President Trump took the Electoral College, the popular vote, and the Senate.
The victory is hugely consequential - not just for a divided America that now has at its helm a president who ran a campaign that played on fear, economic and social insecurity and grievance - but for the UK and Europe too.
The US election has chosen a strongman leader for uncertain times and he enters the White House with a huge mandate. How he chooses to wield that power matters to us all.
For the Labour government, it will be a more trying diplomatic test than would have befallen a Conservative one.
Follow live updates - Trump wins US election
As Donald Trump noted when he and Sir Keir dined at Trump Tower in September ahead of the election, he and Starmer are not natural bedfellows.
"You're a liberal so we won't always agree," he reportedly told the UK prime minister over dinner. "But we can work together."
Sir Keir, a former human rights lawyer and a part of the sister party to the Democrats, and Donald Trump, a brash, deal-making billionaire businessman, are not an obvious match.
For Donald Trump, relationships matter. He hit it off with Boris Johnson but never really rubbed along with Theresa May.
Sir Keir's approach will be to keep calm and carry on. I'm told the PM is of the view that "it is not about what Trump says but what he does".
He is obviously not the preferred choice of the Labour leadership, but those in Number 10 are pragmatic and have been preparing for the outcome for some months.
"For us, there will always be areas of common interest than transcend party politics, as does the special relationship," one senior figure said.
"Our approach is that it's ultimately for the American people, and they have clearly chosen who they want to be president - and our responsibility is to make the relationship work in the UK national interest.
"That's why the PM took time to have dinner with President Trump in September - and that was a very successful evening. It's fortuitous to have that time so we are not starting from scratch."
There have already been moments of possible tension that the prime minister has brushed off as inconsequential, aware that it is unwise to poke the bear.
When, on our way to the Commonwealth summit in Samoa, Trump's election team filed a complaint against Labour, accusing it of "blatant foreign interference" in the US election in aid of the Harris campaign.
This came after media reports about contact between Number 10 operatives and the Harris team and apparent volunteering efforts.

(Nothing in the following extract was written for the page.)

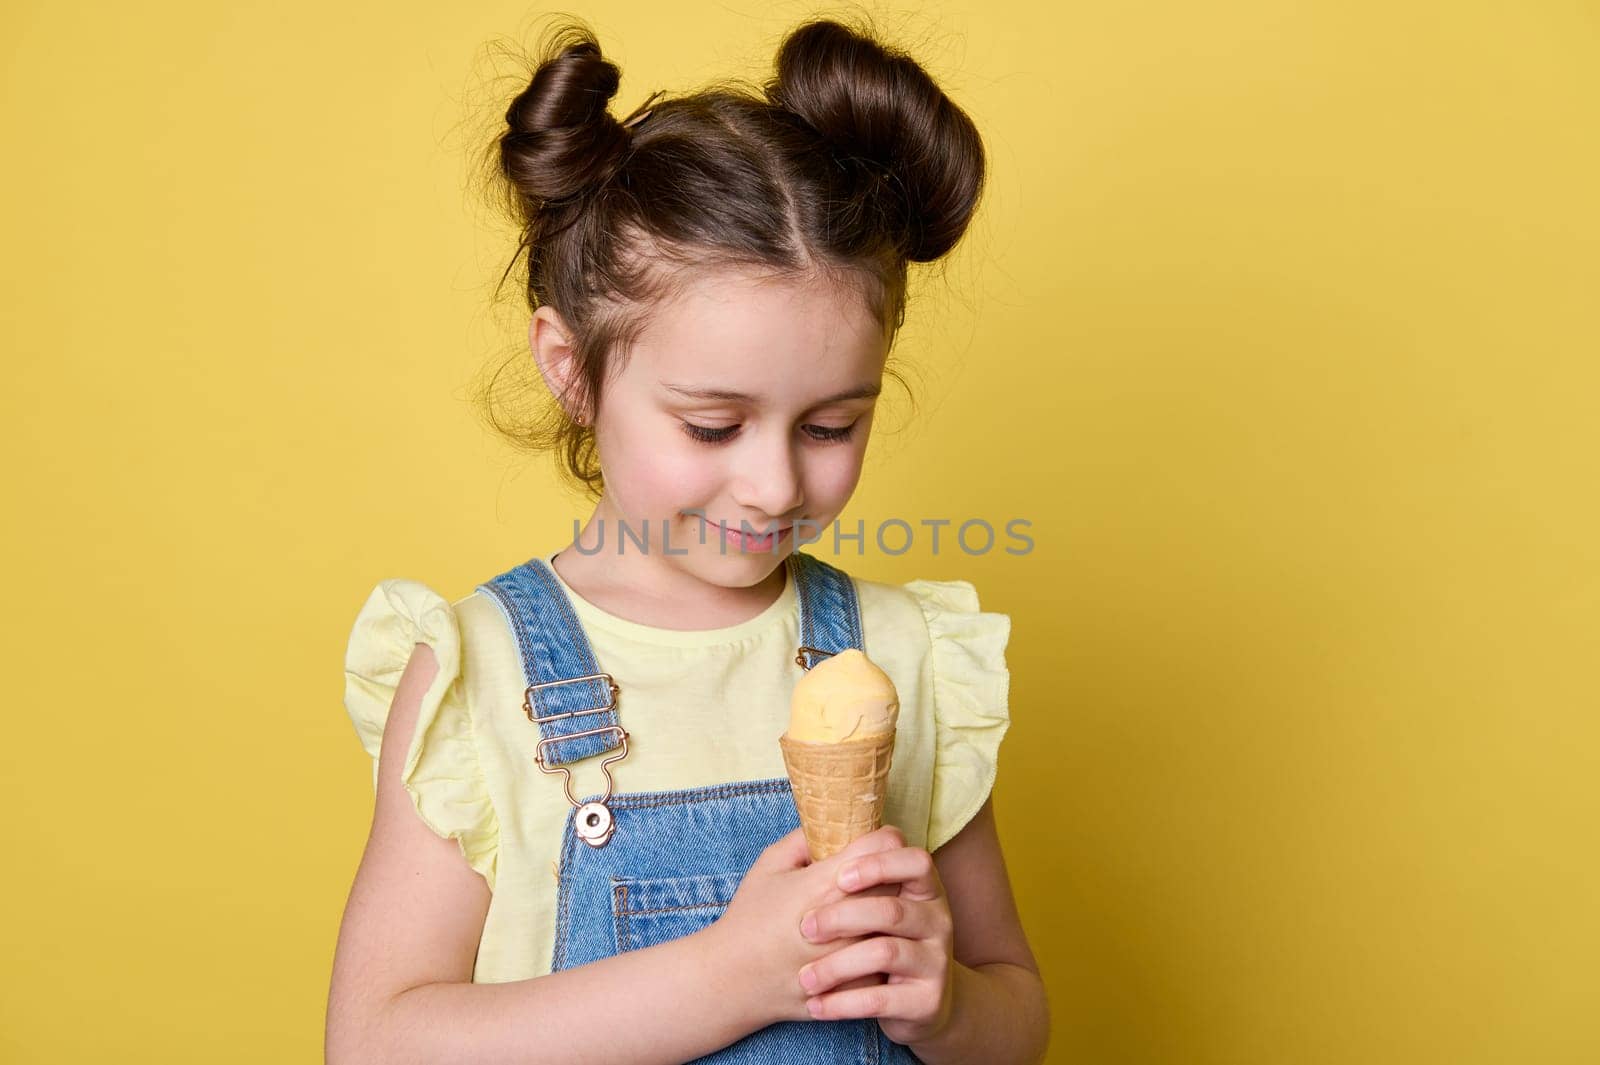 Happy little girl with stylish hairstyle, wearing blue denim overalls and yellow t-shirt, enjoying sweet summer dessert, holding waffle cone with ice cream scoop, smiling isolated on yellow background

Sir Keir calmly brushed aside concerns and refused to rise to the bait - despite some of his most senior staff being personally targeted in the Trump complaint.
Meanwhile, David Lammy, the foreign secretary, has spent a good portion of his time in recent months with Republicans - with his supporters insisting the ground work has "paid off".
"They know him now and he has good relations with JD Vance," one supporter said.
I'm also told that past sharp criticisms of President Trump by Mr Lammy - he once called Trump a "neo-Nazi sociopath" - are long forgotten.
"He won't hold a grudge if you treat him with respect when he's in office," insisted one insider.
The coming months will see whether that proves true, but government insiders point out to me that the reason Sir Keir took Mr Lammy to the Trump dinner in New York was to test the water.
"It was a successful evening. If there had been an issue, President Trump would have said something," one said.
Sir Keir ever pragmatic, the mood more widely in government was pretty flat on Wednesday, as London woke up to the Trump win.
Many Labour staffers had gone over to support the Harris campaign, other members of the Starmer team had attended the Democratic convention in a time-honoured tradition of these two sister parties.
This was a government that had wanted a Democrat win.
As one insider said to me on Wednesday morning: "I hoped right up to the last moment that he wouldn't win. But he has and here we are."
There is plenty of anxiety in the UK about what Trump 2.0 might mean.
For starters, he has threatened across-the-board trade tariffs on all trading partners of 10% to 20%, while floating special treatment for the US's chief rival China, with tariffs of up to 60%.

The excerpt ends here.